Of course, so far we've not really care about safety much, but that doesn't mean I don't want to get there, and in this case it makes it easier to write code too. There are relatively few ways out of this that are not horribly inefficient: A marker that indicate you're at the end of the argument list; a pointer indicating the last position; a count.
None of them are particularly pleasing, but they do the work. Then there's the issue of how to access the extra arguments.
In Ruby it's done by adding a final argument prepended with "*". This works like the "splat" operator in expressions in that it turns anything from then on into an array. In some ways it simplifies matters in that the compiler or interpreter "only" need to know how to stuff the remaining arguments into an array and push a pointer to the array itself onto the stack instead.
We're not quite so lucky as to have a fully formed object system to help us yet. What are the alternatives?
We're going to go with a halfway solution that is pleasing because it allows us to keep interoperability with C:
movl %ebx, %eax subl %ebp, %eax shrl $2, %eax
Before I start going through the code: since I now have a repository at Github, you can see the commit for this code and download the the full code from here:
You can also <"watch" the repository to keep track of whenever I update it.
The biggest change this time is getting the infrastructure in place to handle modifiers to the arguments. The "Arg" class will take care of the arguments from now on:
class Arg attr_reader :name,:rest def initialize name, *modifiers @name = name modifiers.each do |m| @rest = true if m == :rest end end def rest?; @rest; end def type rest? ? :argaddr : :arg end end
The next change we have to make is updating the Function class to instantiate
Arg's, and it's
#get_arg method to handle
:numargs so you can get access to the number of arguments:
class Function attr_reader :args,:body def initialize args,body @body = body @rest = false @args = args.collect do |a| arg = Arg.new(*[a].flatten) @rest = true if arg.rest? arg end end def rest?; @rest; end def get_arg(a) if a == :numargs return [:int,args.size] if !rest? return [:numargs] end args.each_with_index do |arg,i| return [arg.type,i] if arg.name == a end return nil end end
Note that we return a constant :int if :rest isn't used, as a tiny little optimization.

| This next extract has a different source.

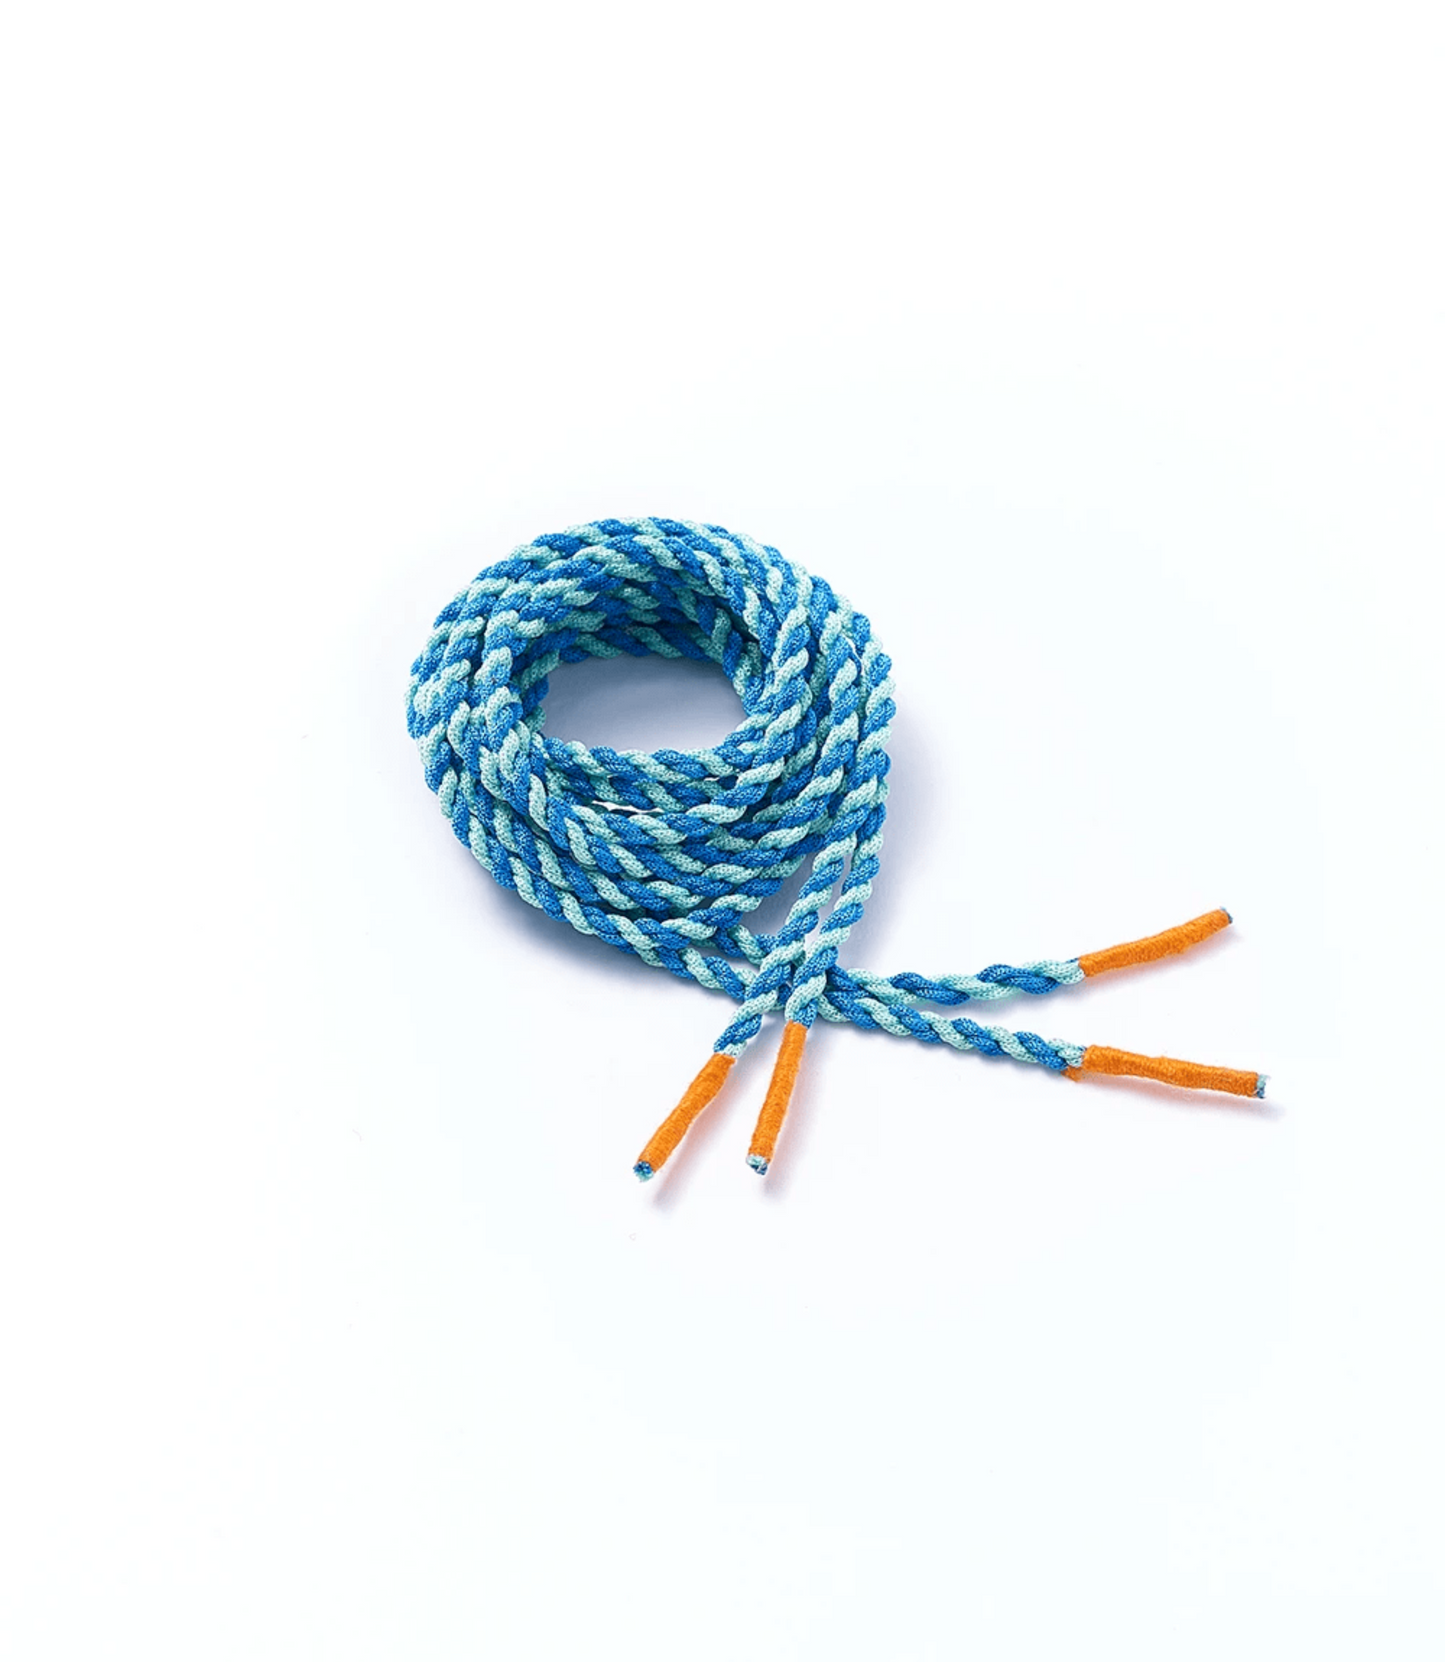 Vintage Blue Shoelace - 45", Ethical, Handmade - Aksa

If you look through the rest of the commit on Github you'll see mostly changes to thread the rest? method and `get_arg` changes up into the scope handling. The next interesting bit is this change to LocalVarScope's get_arg:
def get_arg a a = a.to_sym - return [:lvar,@locals[a]] if @locals.include?(a) + return [:lvar,@locals[a] + (rest? ? 1 : 0)] if @locals.include?(a) return @next.get_arg(a) if @next return [:addr,a] # Shouldn't get here normally end
We add one to the offset because we'll later change the emitter to copy
%ebx and onto the stack when inside the function so that it's accessible as a local variable. We don't strictly speaking need to push it on the stack unless we need the register AND actually use
:numargs, but we'll leave avoiding that as an optimization for later.
The next interesting bit is this cleaned up
#compile_eval_arg (I really need to find more meaningful names for these methods... sigh):
def compile_eval_arg scope,arg atype, aparam = get_arg(scope,arg) return aparam if atype == :int return @e.addr_value(aparam) if atype == :strconst case atype when :numargs @e.movl("-4(%ebp)",@e.result_value) when :argaddr: @e.load_arg_address(aparam) ...
(I've omitted the end, as the rest were just cleanups - see the commit).
The new thing here is supporting accessing :numargs, and having a way to get the address of an argument. This is used to get the start of the array of the remaining arguments.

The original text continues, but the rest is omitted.